All hash tables work by computing an address at which to store an item based on its key. Sometimes two keys hash to the same value, which causes a collision. Chaining, as used in the Standard Prelude, resolves collisions by storing multiple items at the same location, forming a list of items. Open addressing instead computes a second address, or if necessary a third, or fourth, or …, continuing until it finds an empty spot. It is necessary that the computation of secondary addresses eventually visits every possible storage location; a simple approach, which we will adopt, is called linear probing, in which storage locations are accessed in increasing order until an empty location is found. It is possible, of course, for the hash table to become completely filled, in which case an error is reported when a new item cannot be inserted.
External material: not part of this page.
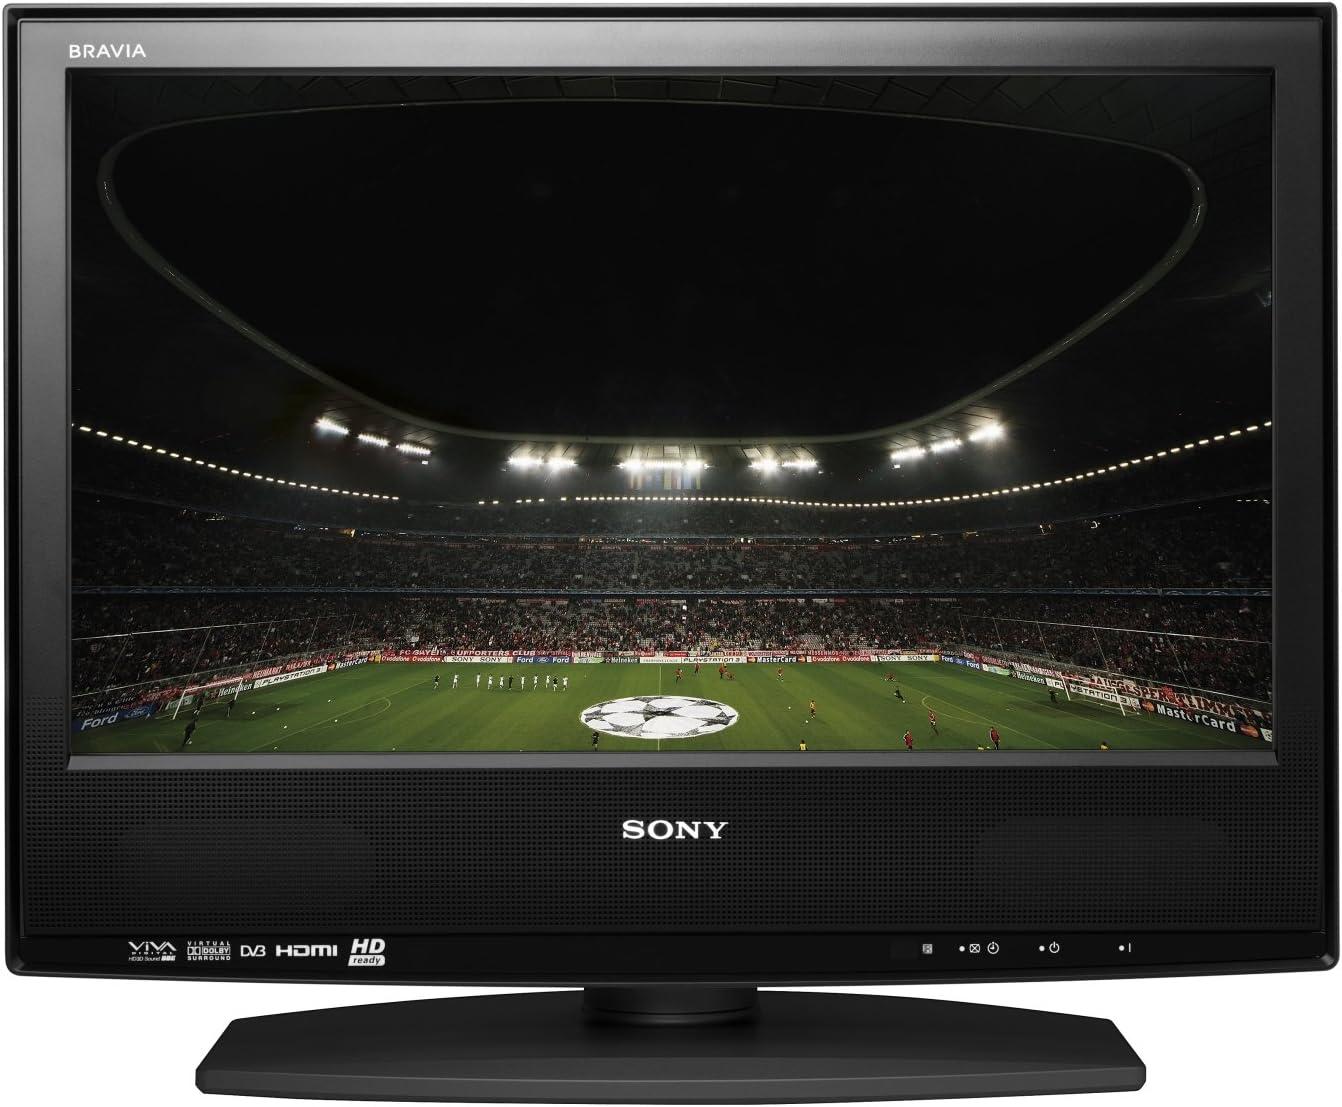 Sony KDL-20S4000E - Televisión HD, Pantalla LCD 20 pulgadas: Amazon.es: Electrónica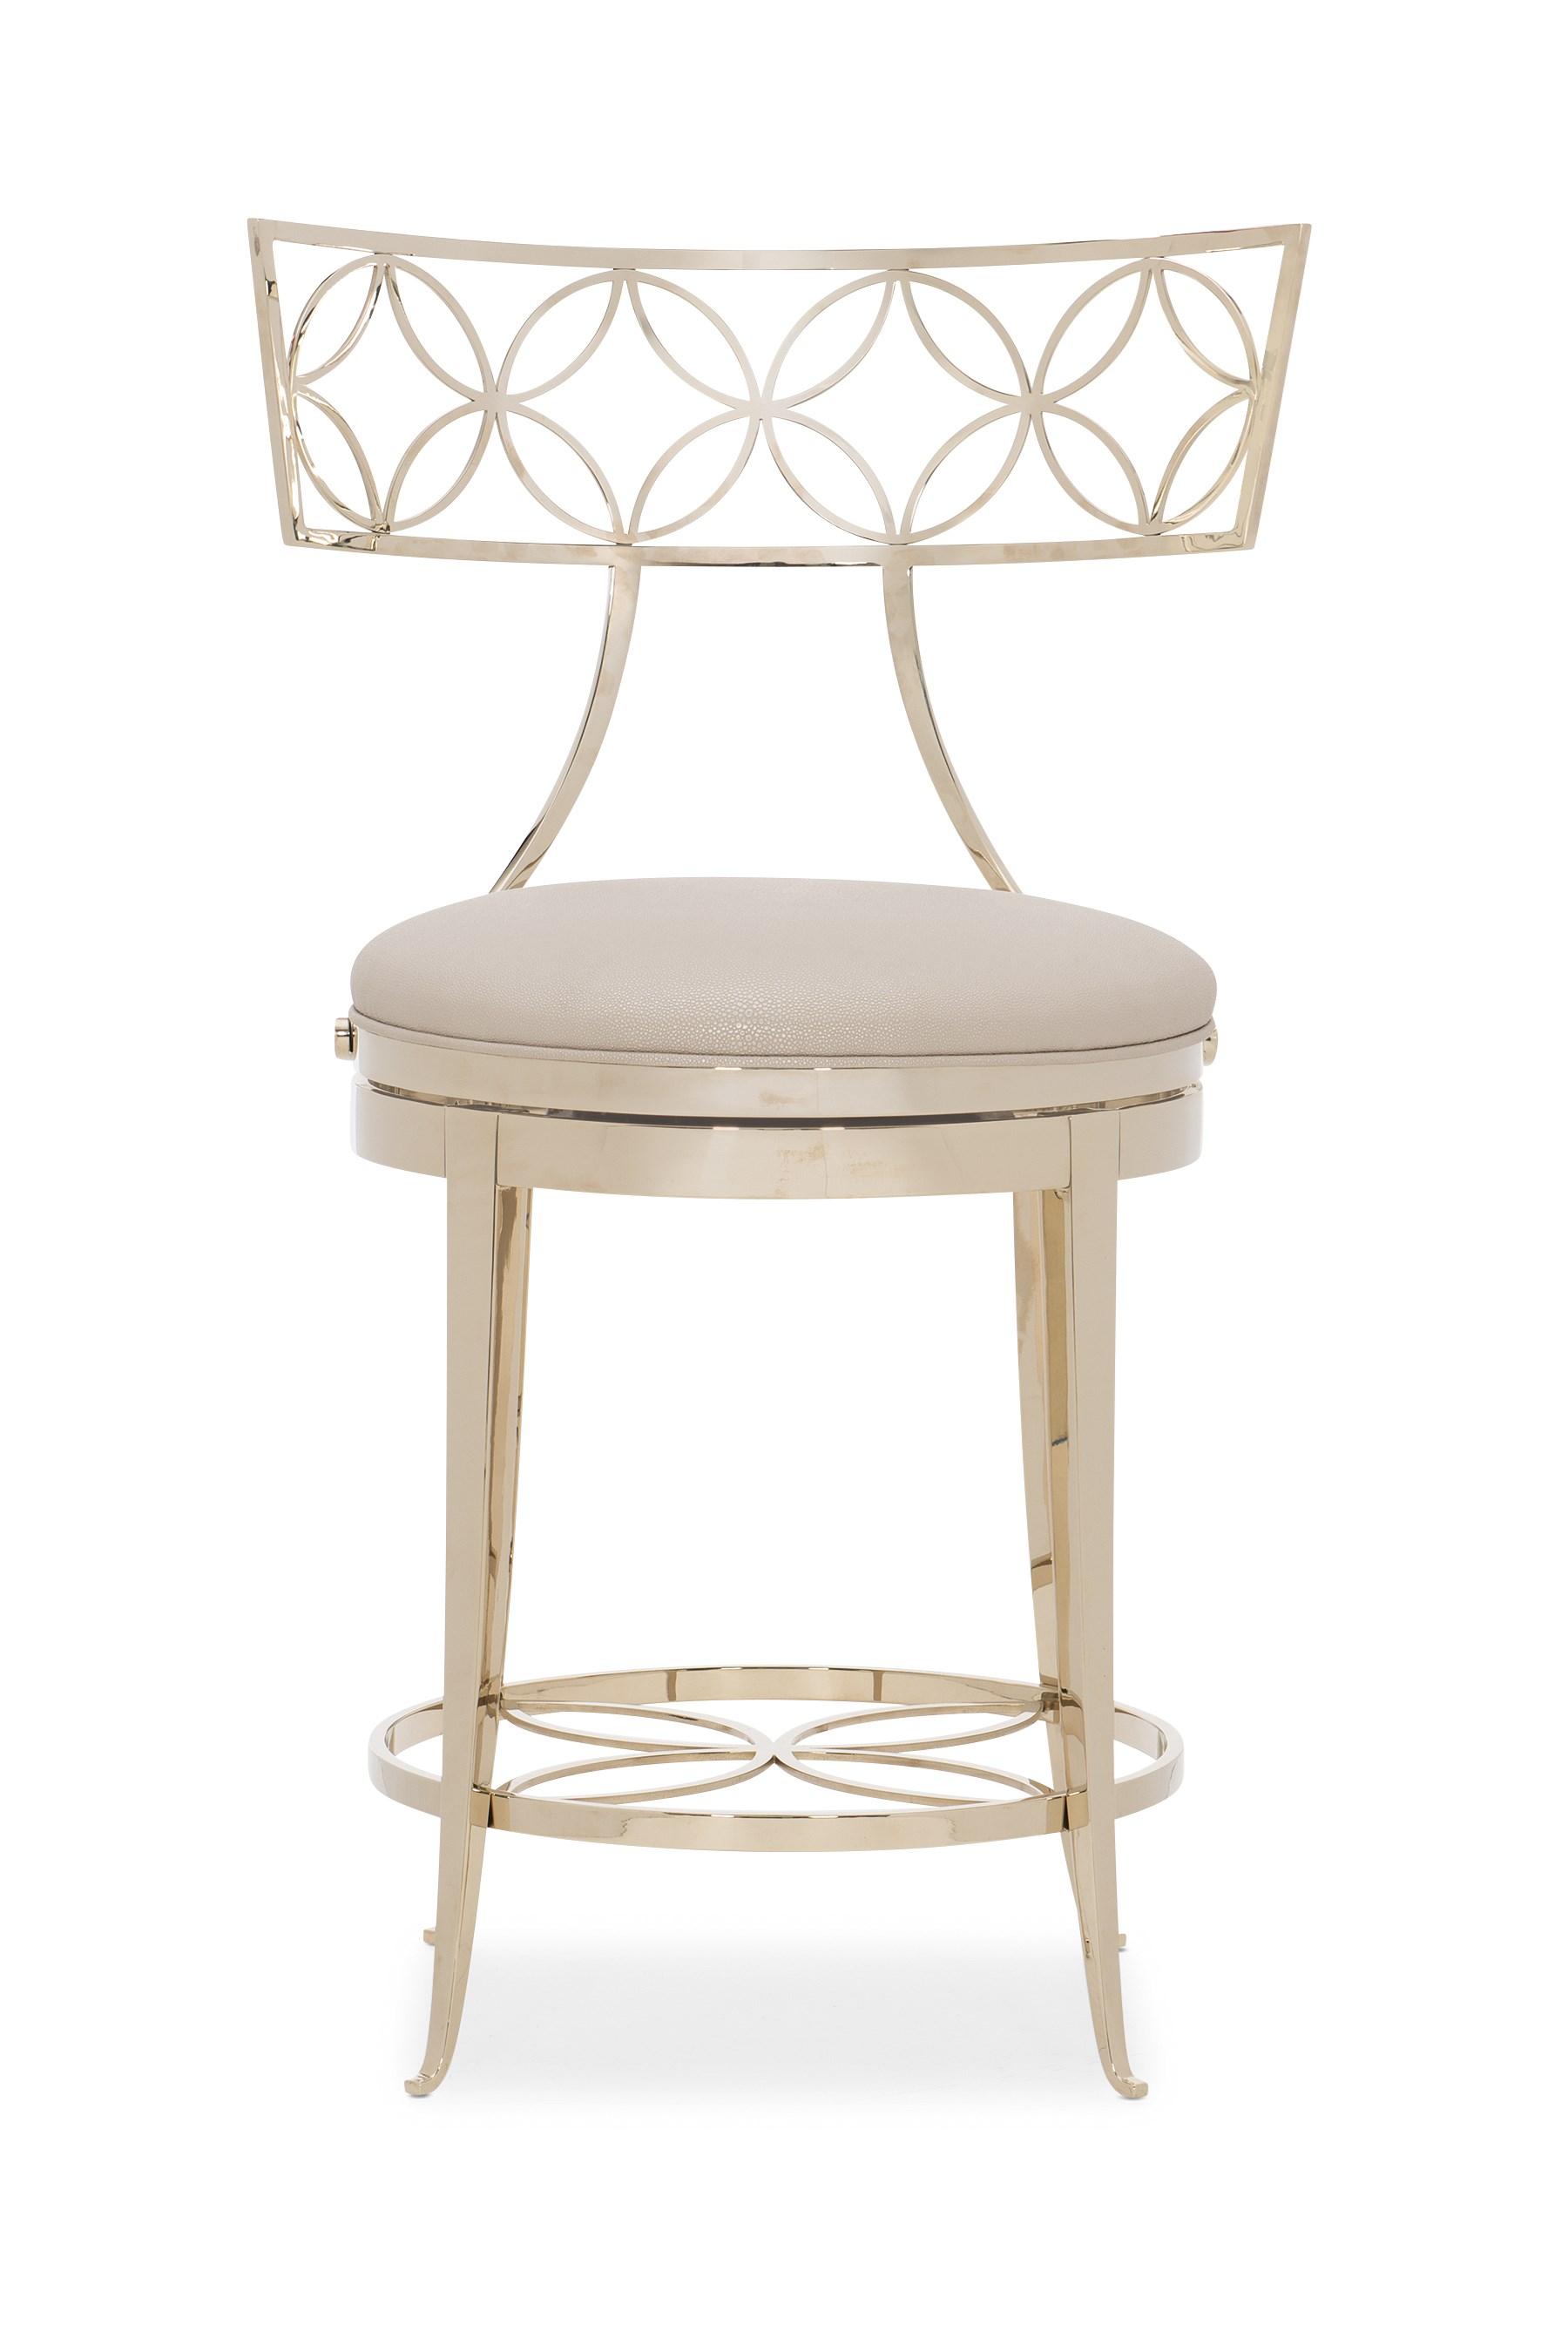 Astonishing Royal Klismos At The Counter Caracole Inzonedesignstudio Interior Chair Design Inzonedesignstudiocom

The tricky part of hashing with open addressing is deletions, because it’s not possible to simply delete an item because some other item may rely on the the fact that its storage location was filled when the item was inserted. The solution is to have three types of items in a storage location: nil, which indicates that the storage location has never been used; deleted, which indicates that the storage location is currently empty but has been used in the past, and in use, for those storage locations that are currently occupied.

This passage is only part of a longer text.